Cannot recreate a child actor
See original GitHub issueWhat is the problem?
Ray version and other system information (Python version, TensorFlow version, OS): Ray 0.9dev
The problem occurs for tasks/actors that are automatically restarted by Ray on a crash. When the task or actor creates a child actor, then crashes, I expect the child actor to get recreated when the parent task/actor is restarted. Instead, any tasks submitted to the child actor fail with a RayActorError.
Reproduction (REQUIRED)
I tried two different versions of the script. One has the default @ray.remote decorator for the child actor, the other has the options (max_restarts=-1, max_task_retries=-1
).
import ray
import time
import os
@ray.remote
class Actor:
def __init__(self):
pass
def ready(self):
return
@ray.remote(max_restarts=-1, max_task_retries=-1)
class Parent:
def __init__(self):
self.child = Actor.remote()
def ready(self):
return ray.get(self.child.ready.remote())
def pid(self):
return os.getpid()
ray.init()
p = Parent.remote()
pid = ray.get(p.pid.remote())
os.kill(pid, 9)
print("ready", ray.get(p.ready.remote()))
Output:
2020-09-01 14:04:57,259 INFO resource_spec.py:250 -- Starting Ray with 4.35 GiB memory available for workers and up to 2.18 GiB for objects. You can adjust these settings with ray.init(memory=<bytes>, object_store_memory=<bytes>).
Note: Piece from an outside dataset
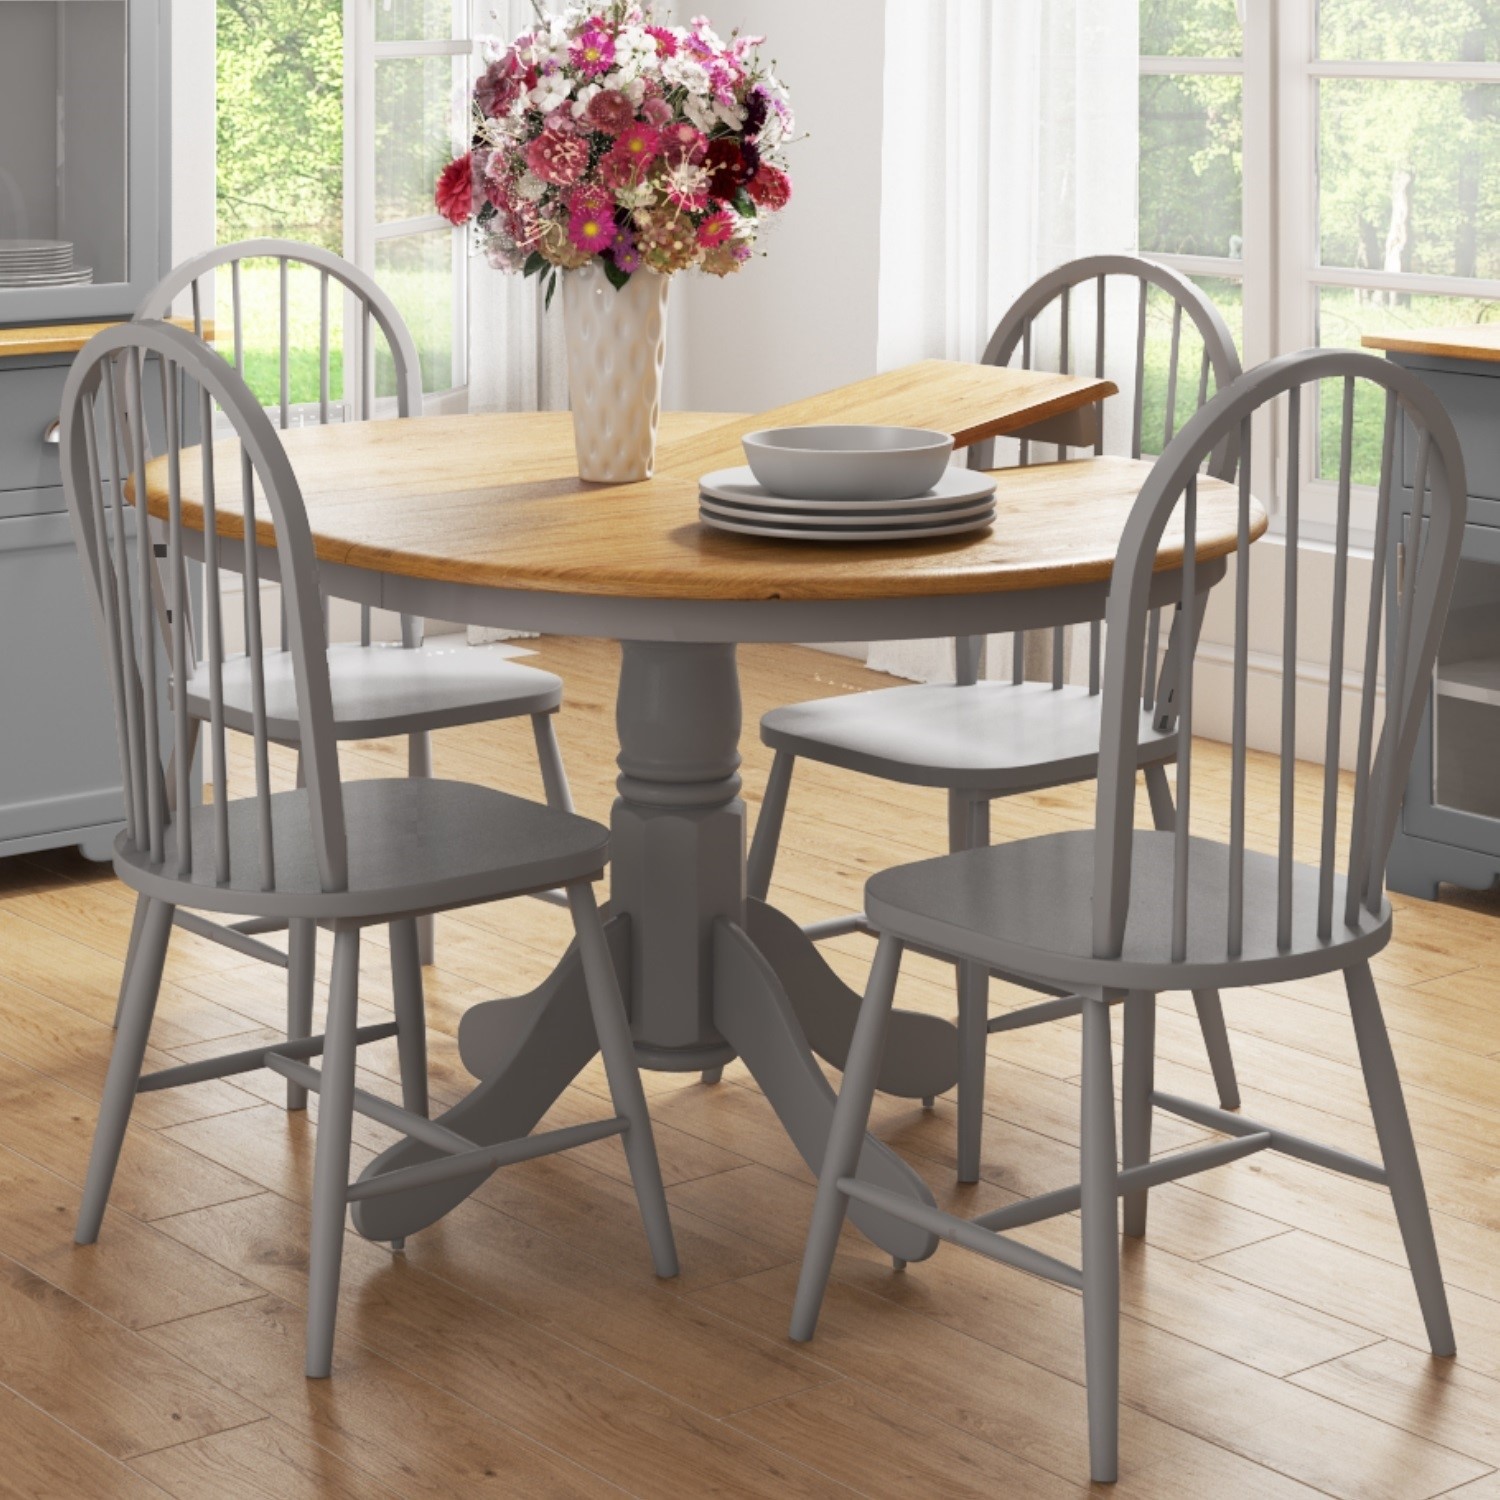 Round Extendable Dining Table Set With, Round Wooden Tables And Chairs

2020-09-01 14:04:57,732 INFO services.py:1201 -- View the Ray dashboard at 127.0.0.1:8265
E0901 14:04:59.840095 2653 2892 task_manager.cc:304] infinite retries left for task 7bbd90284b71e599df5a1a8201000000, attempting to resubmit.
E0901 14:04:59.840198 2653 2892 core_worker.cc:410] Will resubmit task after a 5000ms delay: Type=ACTOR_TASK, Language=PYTHON, Resources: {CPU: 1, }, function_descriptor={type=PythonFunctionDescriptor, module_name=__main__, class_name=Parent, function_name=ready, function_hash=}, task_id=7bbd90284b71e599df5a1a8201000000, job_id=01000000, num_args=0, num_returns=2, actor_task_spec={actor_id=df5a1a8201000000, actor_caller_id=ffffffffffffffffffffffff01000000, actor_counter=1}
2020-09-01 14:04:59,850 WARNING worker.py:1067 -- A worker died or was killed while executing task ffffffffffffffffdf5a1a8201000000.
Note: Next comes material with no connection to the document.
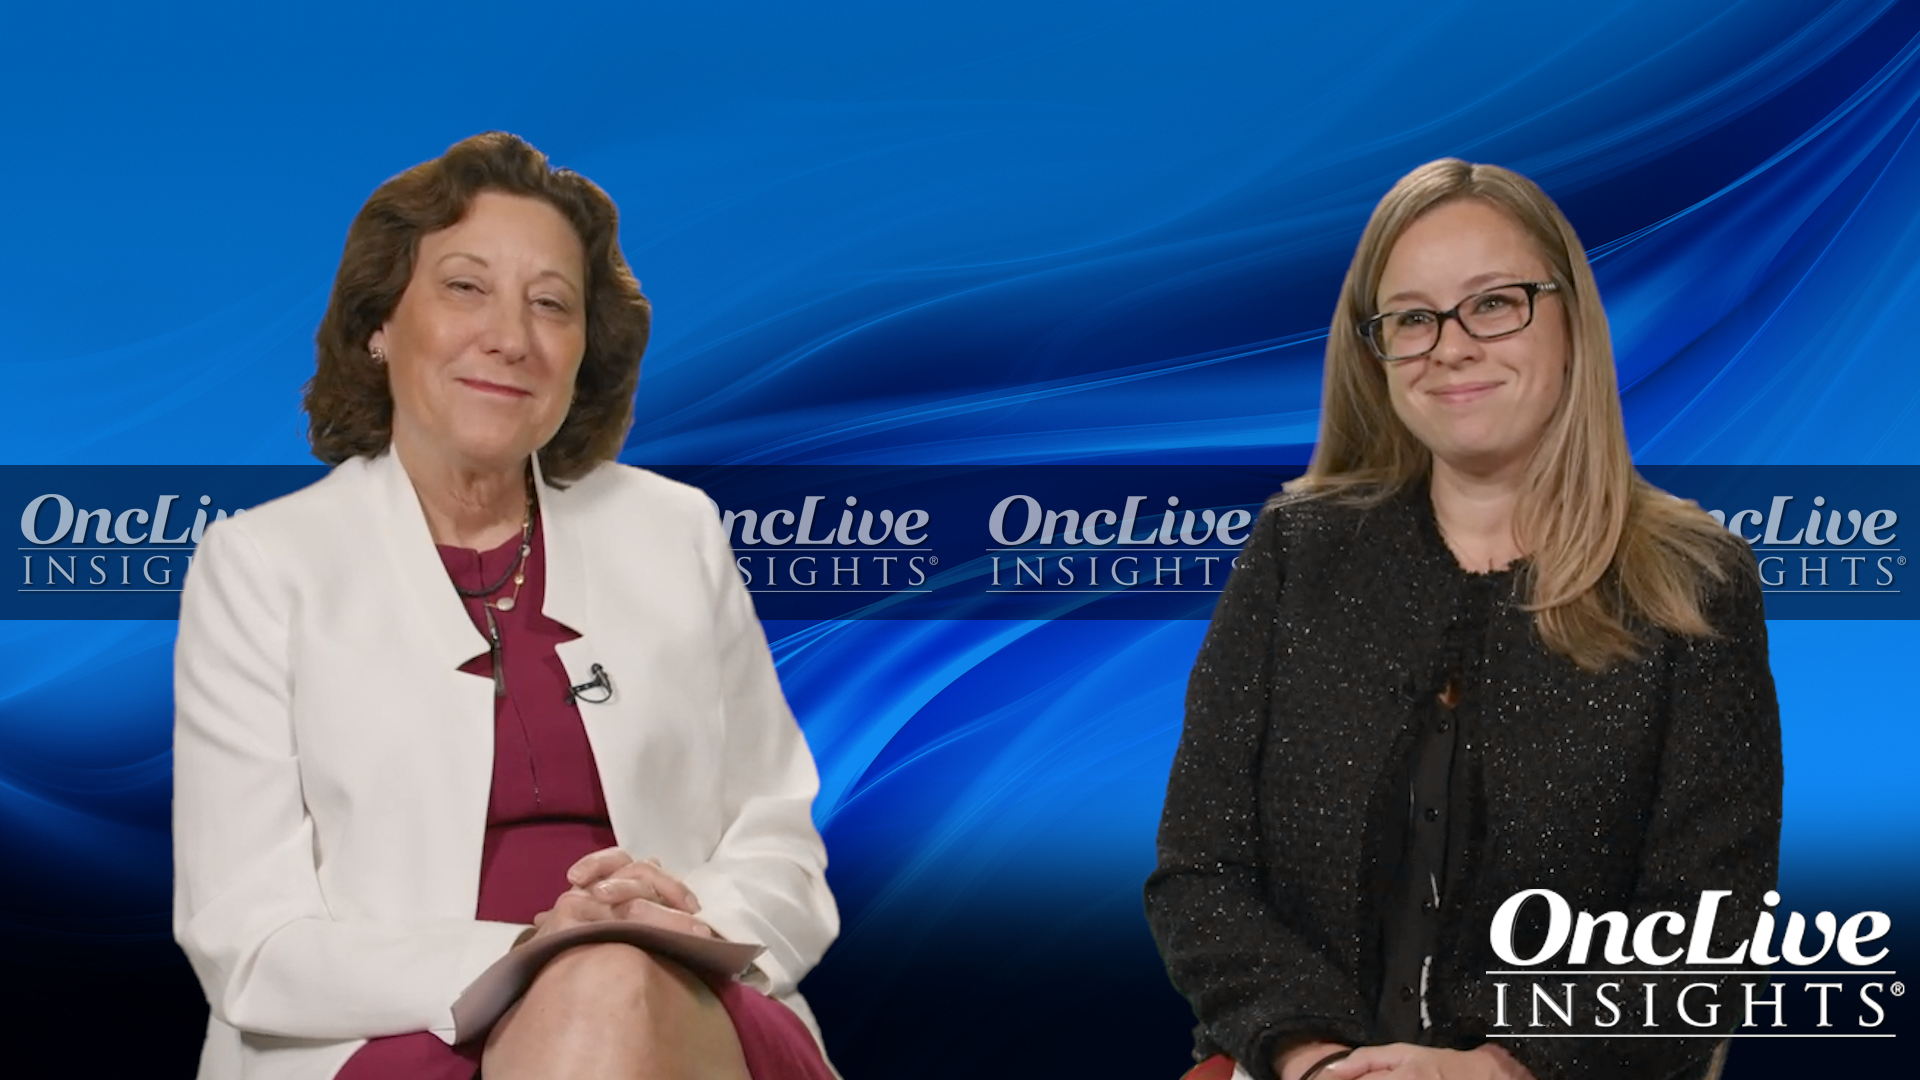 Video 3 - "5-Year Data from the MonarchE Trial Investigating Abemaciclib in HR+, HER2- High-Risk, Early Breast Cancer"

Traceback (most recent call last):
File "test_actor.py", line 26, in <module>
print("ready", ray.get(p.ready.remote()))
File "/home/swang/anaconda3/envs/ray-wheel/lib/python3.7/site-packages/ray/worker.py", line 1423, in get
raise value.as_instanceof_cause()
ray.exceptions.RayTaskError: ray::Parent.ready() (pid=2743, ip=192.168.1.46)
File "python/ray/_raylet.pyx", line 480, in ray._raylet.execute_task
with ray.worker._changeproctitle(title, next_title):
File "python/ray/_raylet.pyx", line 481, in ray._raylet.execute_task
outputs = function_executor(*args, **kwargs)
File "python/ray/_raylet.pyx", line 434, in ray._raylet.execute_task.function_executor
return function(actor, *arguments, **kwarguments)
File "test_actor.py", line 17, in ready
return ray.get(self.child.ready.remote())
ray.exceptions.RayActorError: The actor died unexpectedly before finishing this task.
(pid=2743) E0901 14:05:05.768839 2743 2827 task_manager.cc:323] Task failed: IOError: cancelling all pending tasks of dead actor: Type=ACTOR_TASK, Language=PYTHON, Resources: {CPU: 1, }, function_descriptor={type=PythonFunctionDescriptor, module_name=__main__, class_name=Actor, function_name=ready, function_hash=}, task_id=150a9d56b40e3700bdff035801000000, job_id=01000000, num_args=0, num_returns=2, actor_task_spec={actor_id=bdff035801000000, actor_caller_id=ffffffffffffffffdf5a1a8201000000, actor_counter=0}
Output with @ray.remote(max_restarts=-1, max_task_retries=-1)
for the child actor:
2020-09-01 14:05:20,903 INFO resource_spec.py:250 -- Starting Ray with 4.35 GiB memory available for workers and up to 2.17 GiB for objects. You can adjust these settings with ray.init(memory=<bytes>, object_store_memory=<bytes>).
2020-09-01 14:05:21,350 INFO services.py:1201 -- View the Ray dashboard at 127.0.0.1:8265
E0901 14:05:23.458299 2936 3212 task_manager.cc:304] infinite retries left for task 7bbd90284b71e599df5a1a8201000000, attempting to resubmit.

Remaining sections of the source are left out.